Another reason why I don't like Ubuntu kernel packaging
I've written before about the over-arching problems with how Debian and Ubuntu package kernels, but today I ran into another annoying issue with how Ubuntu handles their kernel packaging mess.
The problem Ubuntu has is that their kernel packages need to have the
kernel version as part of the package name, but they want to create
a simple way of upgrading from kernel to kernel without too much
special magic in the tools (as an entirely new package, a new kernel
is not an upgrade for any existing package so package managers will
just ignore it). So Ubuntu has kernel meta-packages, things like
linux-image-server
, that exist only to depend on the current specific
kernel packages. When Ubuntu releases a new kernel they release a
new version of the meta-packages that depend on the new kernel's new
package, and so upgrading your meta-package pulls in the new kernel as a
dependency.
Now suppose that you want to remove the most recent kernel version for some reason; perhaps it's no good and you're taking the easiest way to avoid having it be the default kernel that your system boots.

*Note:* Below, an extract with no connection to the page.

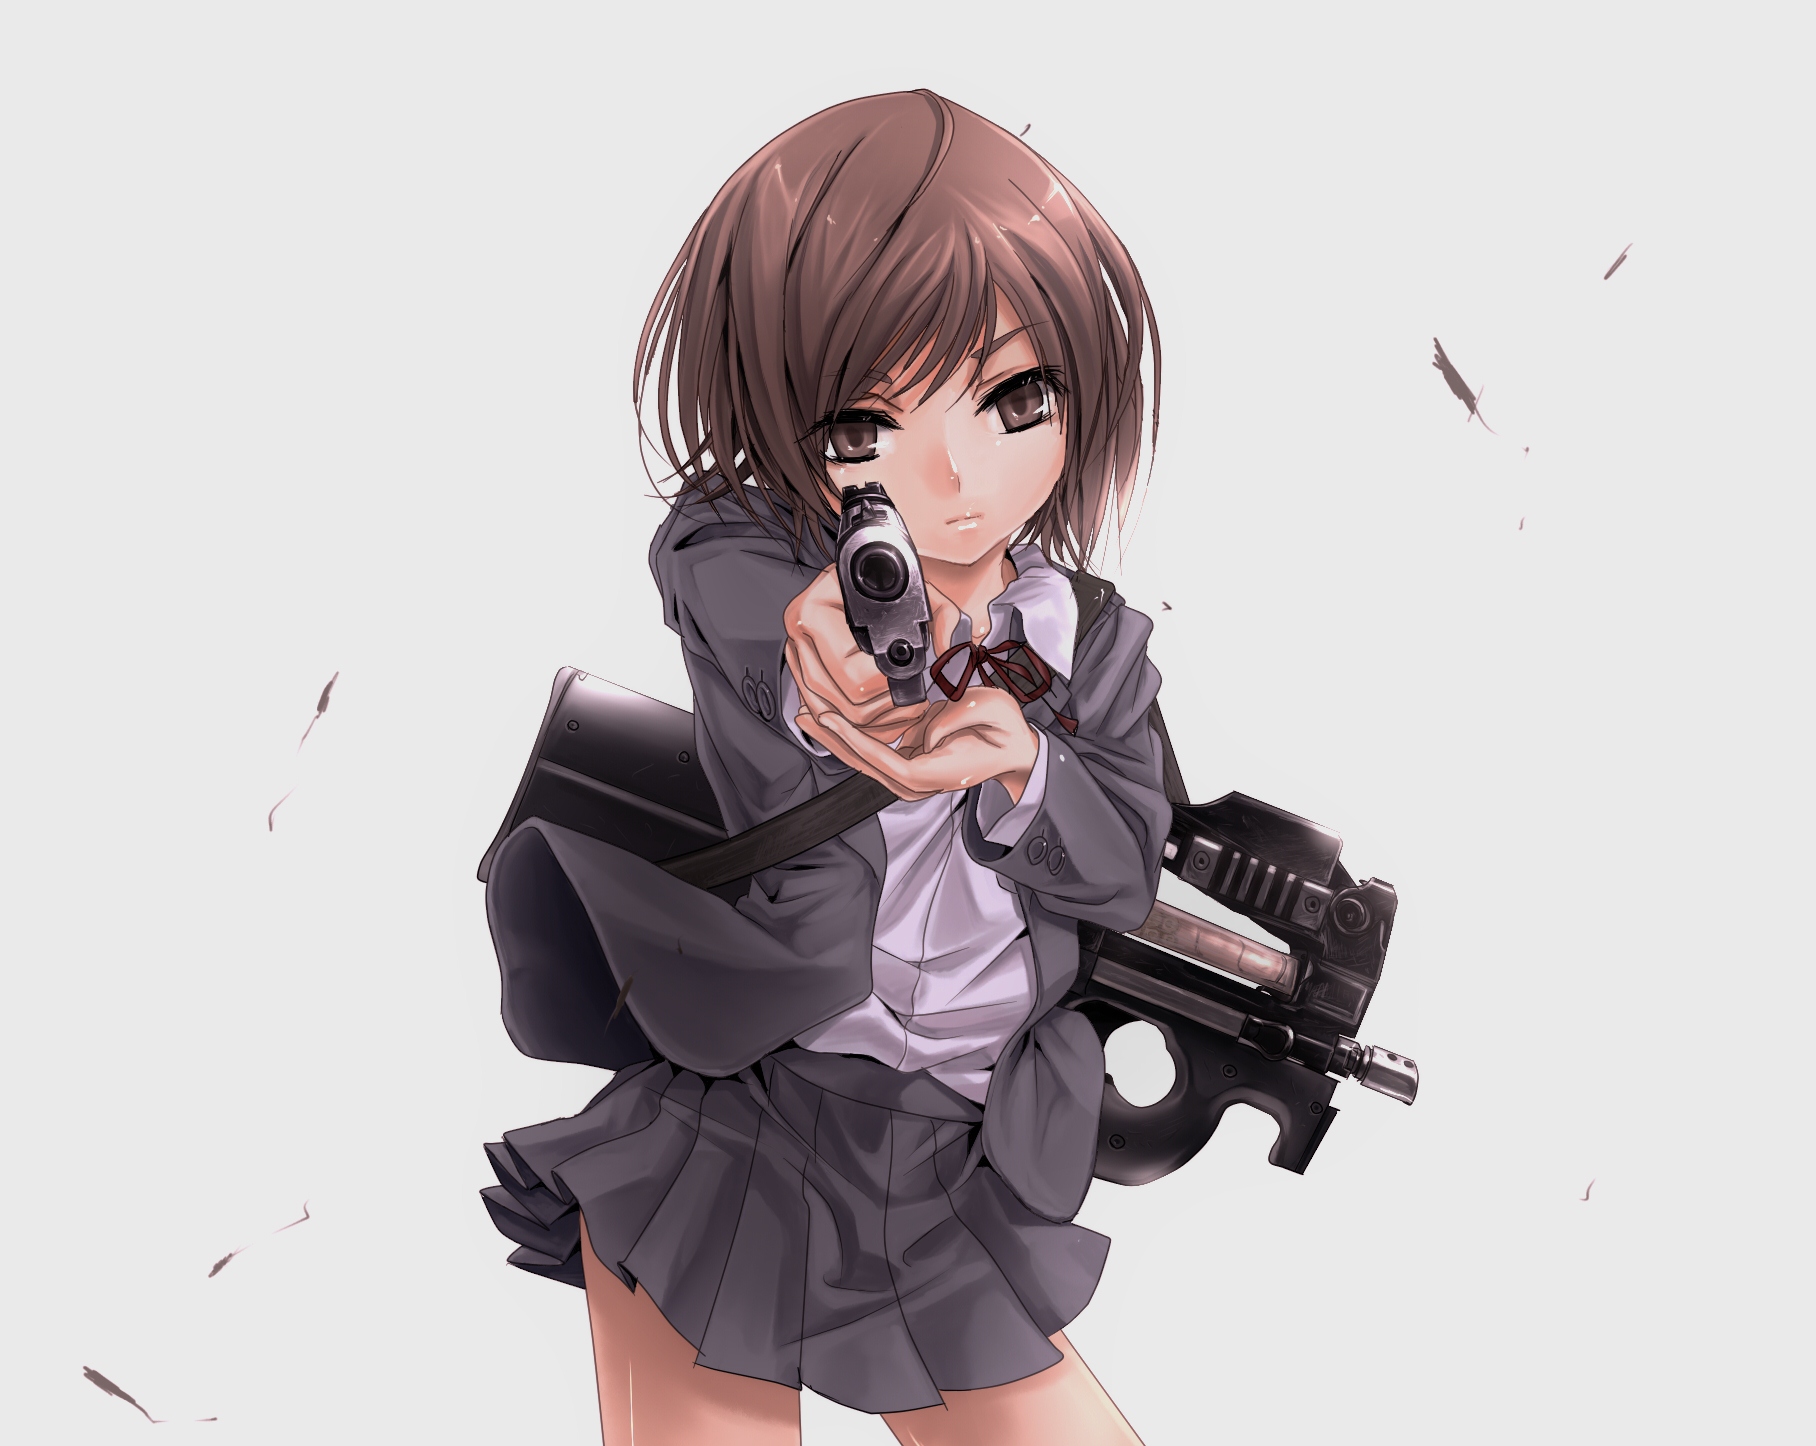 Download mobile wallpaper Anime, Gunslinger Girl for free.

In an RPM-based environment you can just rpm -e
this kernel, just as
you would any other kernel that you wanted to get rid of. On Ubuntu this
fails, because the most recent kernel is a dependency of the kernel
meta-package (and you don't want to remove the meta-package). In order
to remove the most recent kernel, you need to find some way to revert to
an old version of the meta-package (one that depends on an older kernel
version).
(At this point it may be useful to point at /var/cache/apt/archives
.)
The mess with the meta-packages wouldn't be necessary if Ubuntu didn't have to give each new kernel version a completely different package version, and that wouldn't be necessary if the Debian package system allowed more than one version of a single package to be installed at once. Sadly, this single version assumption seems to be very deeply embedded in how the Debian package system stores various bits of data about packages.
Sidebar: what happened to us
Ubuntu 10.04 has an issue where (among other things) unmounting NFS filesystems takes seconds to tens of seconds; this leads to very, very slow system reboots when you have more than 200 NFS mounts, as we do. They had a proposed kernel update that should fix this and that needed testing to verify this, so I installed it on one of our Ubuntu 10.04 test machines. In the process I also wound up installing the kernel meta-package that went with it.
Today, Ubuntu came out with a security update for the recently disclosed 32-bit emulation on 64-bit kernels local root exploit. Presumably because this was an urgent security issue, they did not release some version of the proposed kernel update but instead patched the older official 10.04 kernel. Which left me wanting to get rid of the proposed kernel update that I had installed, which is where I ran into the meta-package issue.